The arrangement was not a secret; Politico had reported its signing a year earlier, in August 2015. At that time, the DNC said it was pursuing similar joint fundraising arrangements with Sanders and other primaries candidates. The agreement Brazile describes handed over broad decision making powers to Clinton’s campaign; it’s not clear if other campaigns, had they signed similar deals, would have been offered the same vetoes.

Brazile said the DNC had been $24 million in debt, in part because of Obama’s years of neglect. She said Wasserman Schultz stacked the DNC with loyalists and described her as “not the greatest at fundraising.”

“The party chair usually shrinks the staff between presidential election campaigns, but Debbie had chosen not to do that,” Brazile said. “She had stuck lots of consultants on the DNC payroll, and Obama’s consultants were being financed by the DNC, too.”
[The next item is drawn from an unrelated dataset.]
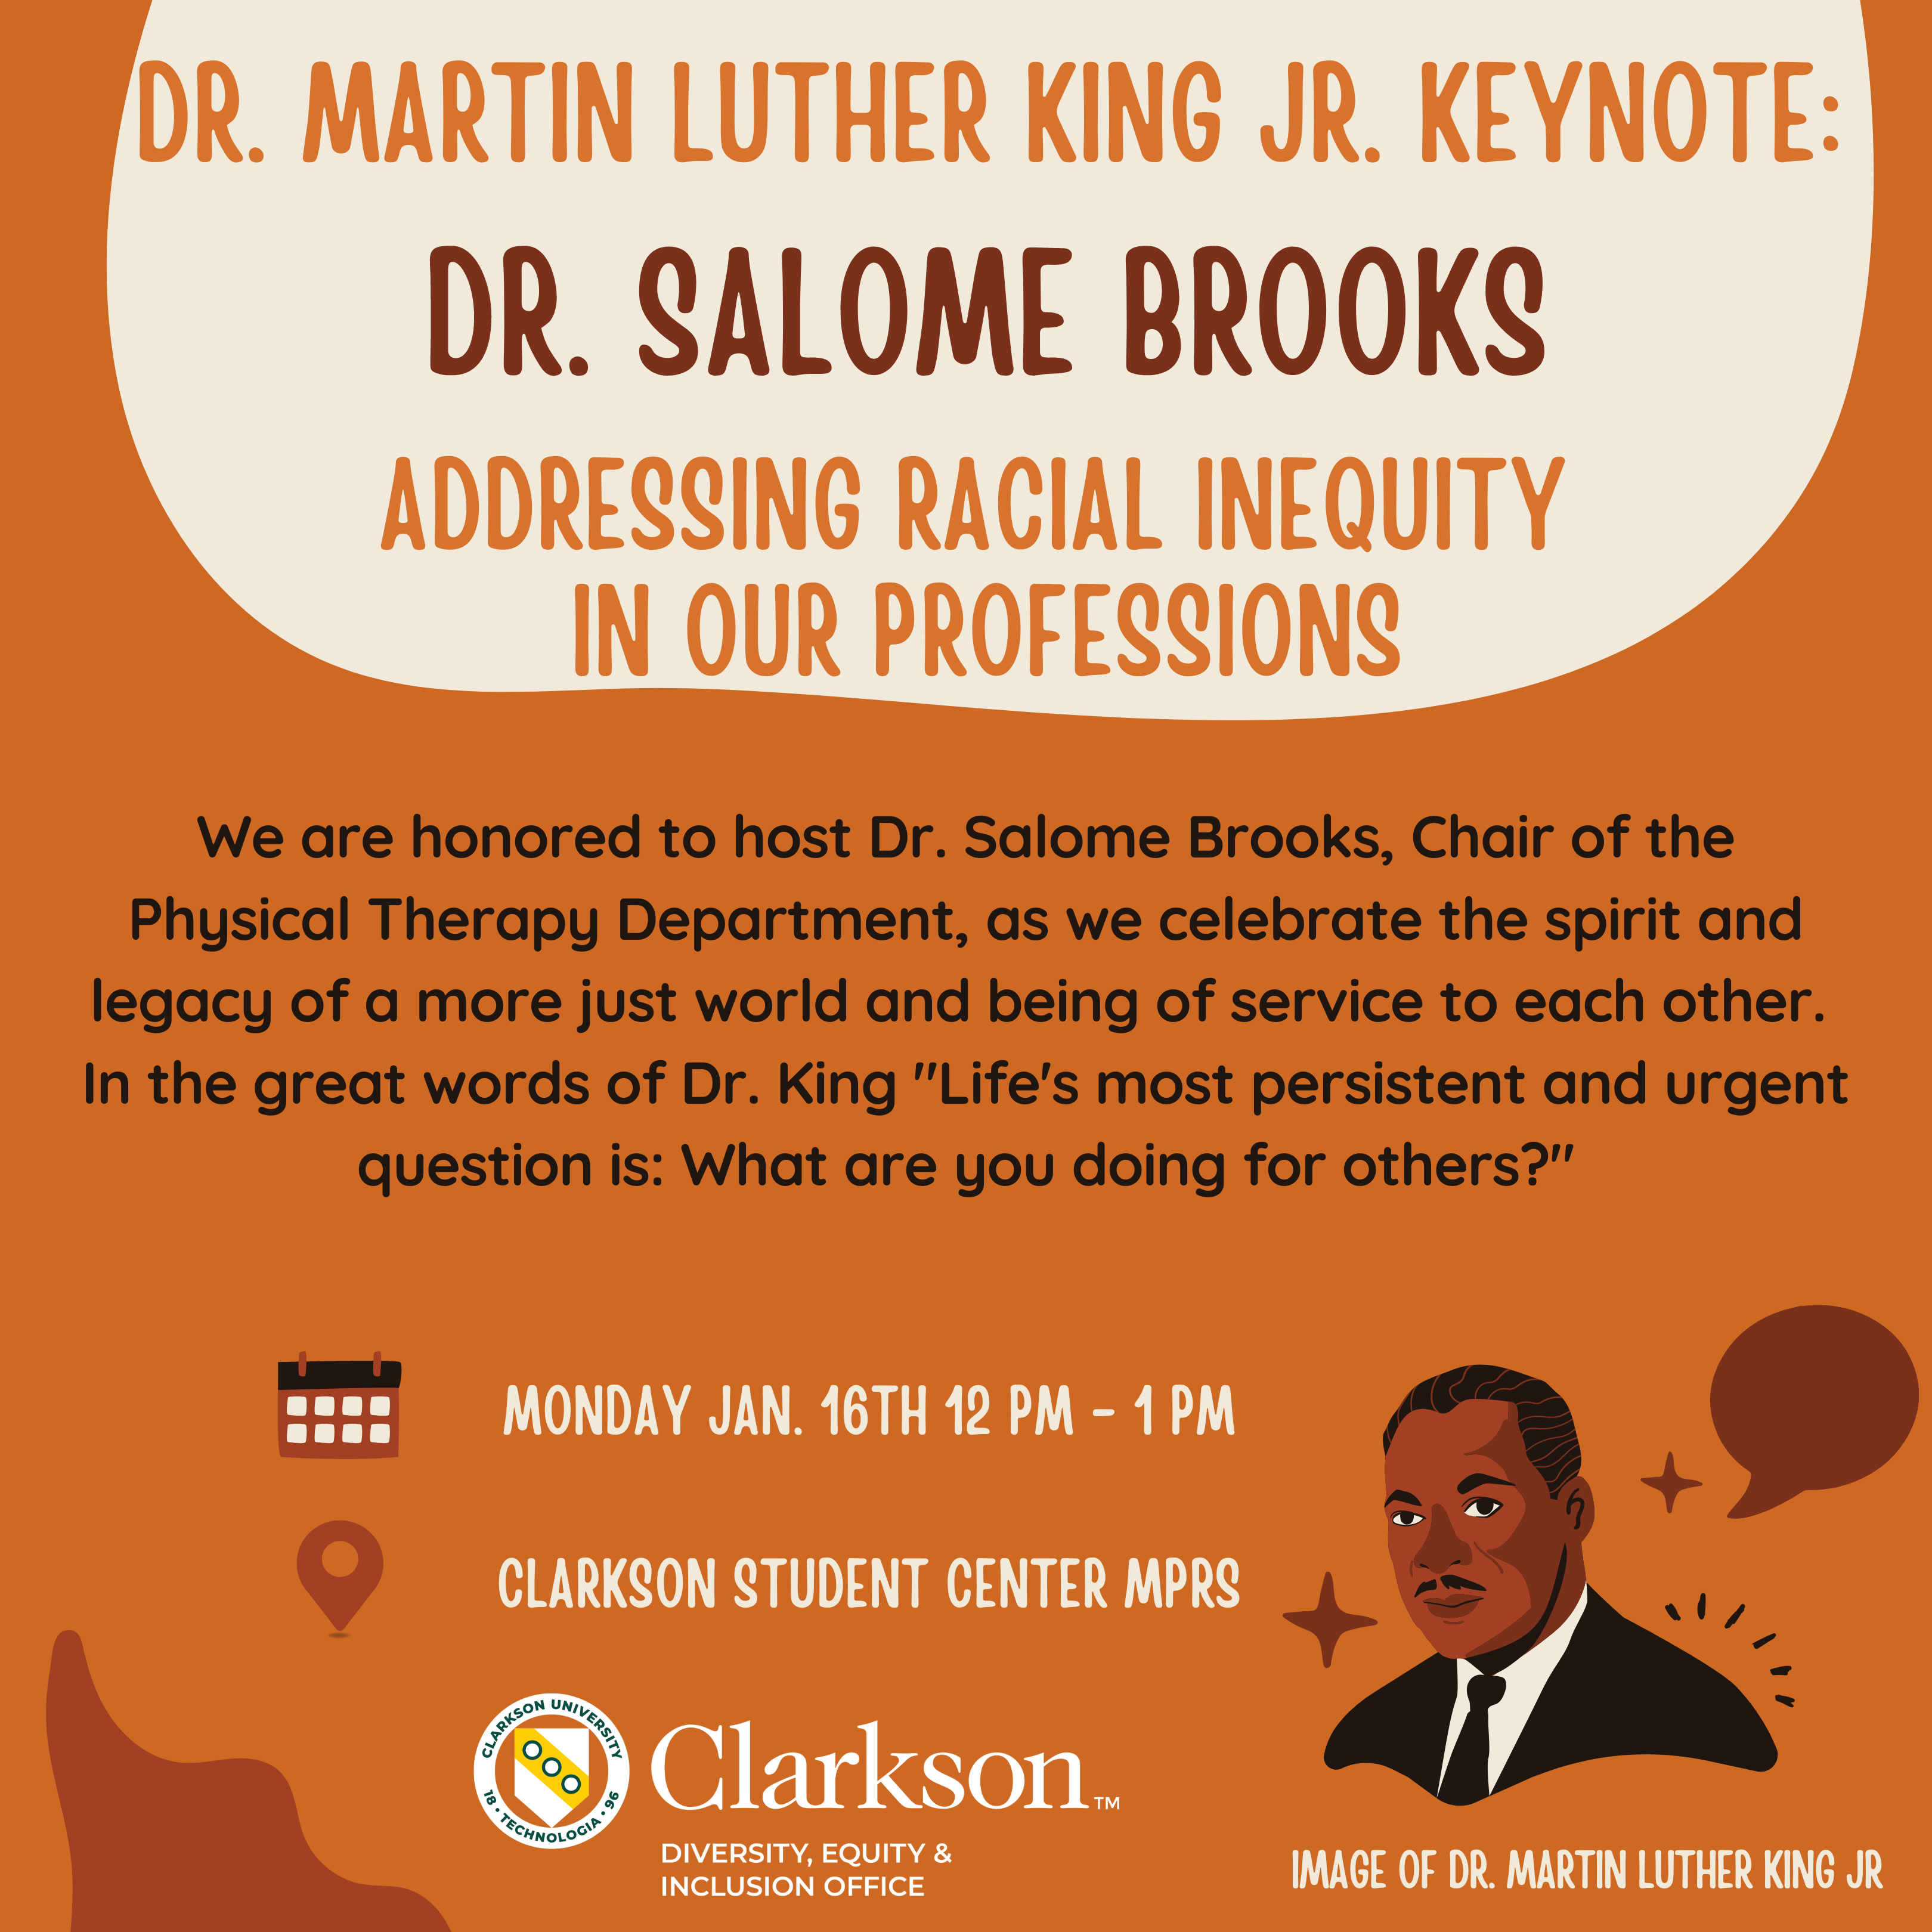 Dr. Martin Luther King JR. Keynote: Dr. Salome Brooks “Addressing Racial Inequity in our Professions”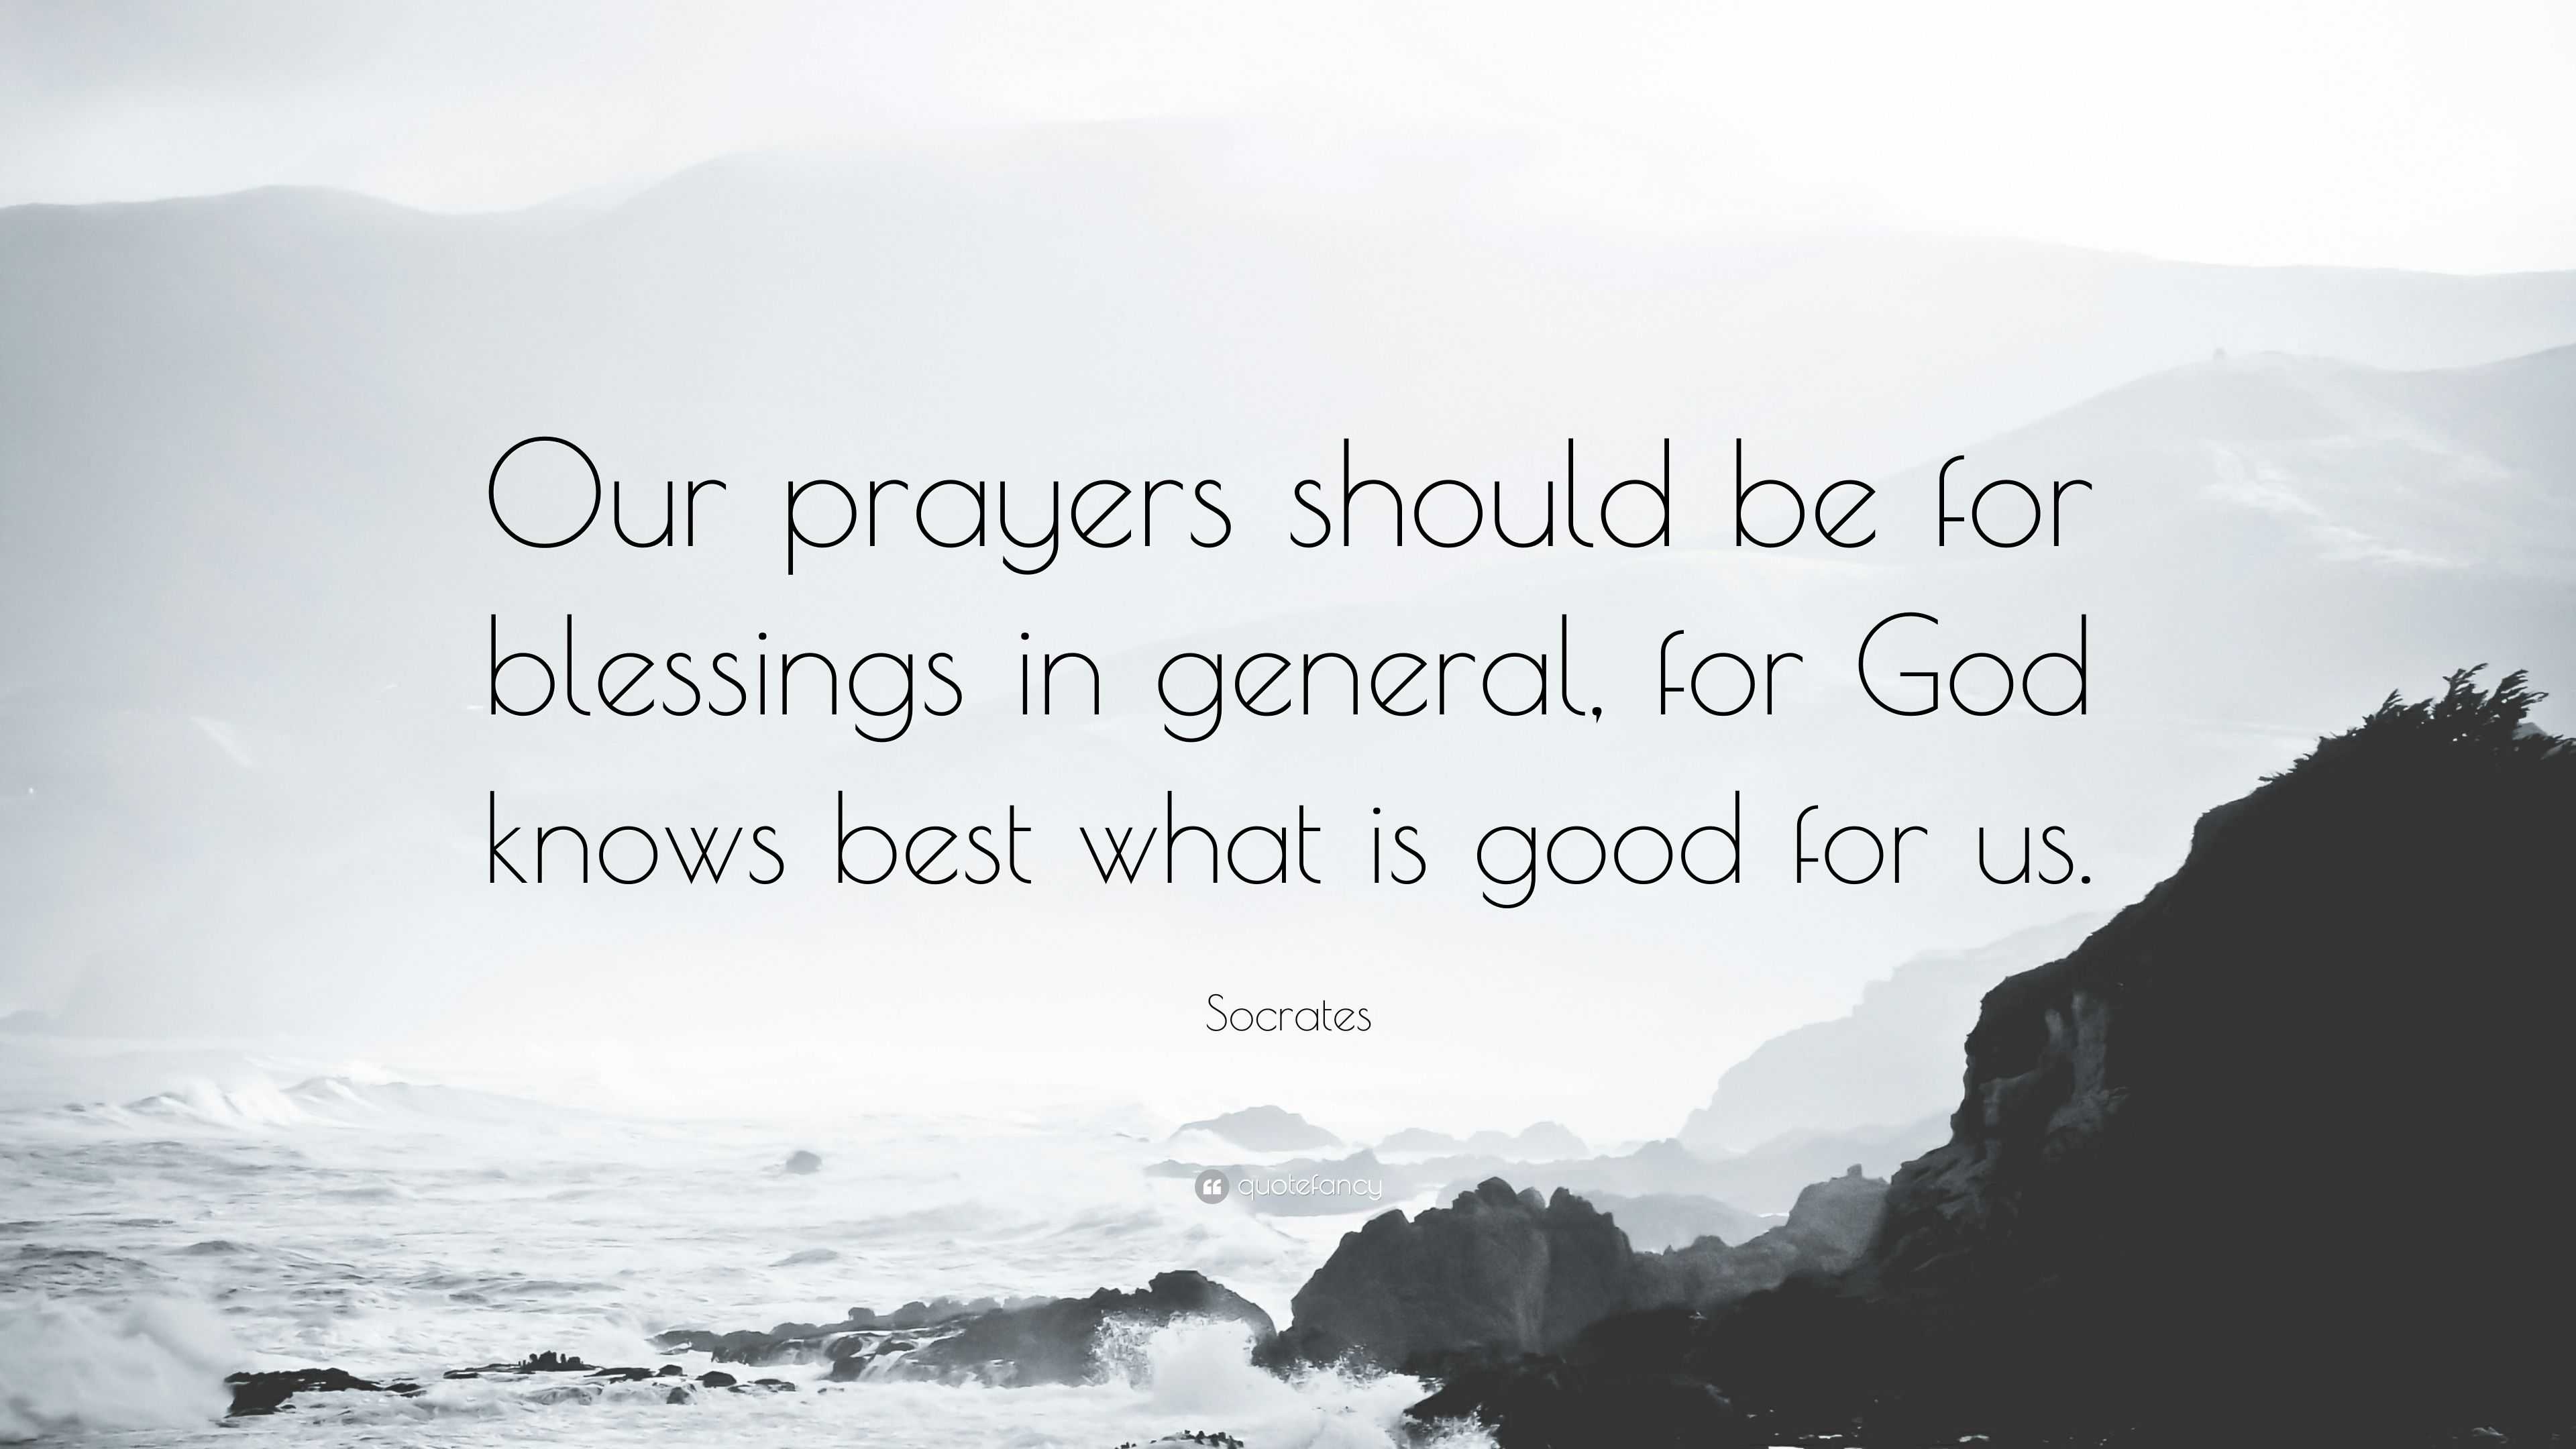 Socrates Quote: “Our prayers should be for blessings in general, for God knows best what is

In a reply solicited by the Florida Sun-Sentinel, Wasserman Schultz, who remains a congresswoman, did not directly address Brazile’s claims.

“It was a tremendous honor to be asked by President Obama to serve as chair of the DNC,” said Wasserman Schultz, who was named to the post in 2011. “I am proud of the work our team did to support Democrats up and down the ballot in the 2016 election and to re-elect the President in 2012. With Donald Trump in the White House, Democrats must stay focused on enacting a progressive agenda to protect our citizens, our values and our democracy and remain united towards our goal of electing Democratic congressional majorities in 2018.”

Wasserman Schultz was forced out when hackers believed to be backed by Russia released embarrassing internal DNC emails showing bias against Sanders. Those hacks — and Brazile’s own internal investigations — did not uncover DNC actions that would have inhibited the Sanders campaign.

Until she was forced out, Wasserman Schultz was the highest-ranking Jewish Democrat. Sanders was the first Jewish candidate to win major party nominating contests.

Earlier this year, the DNC elected Tom Perez, a former Labor secretary, as chairman. It continues to lag in fundraising, bringing in just half the amount so far this year than its Republican counterpart — $51 million to the Republican National Committee’s $104 million, according to a report Thursday in Politico.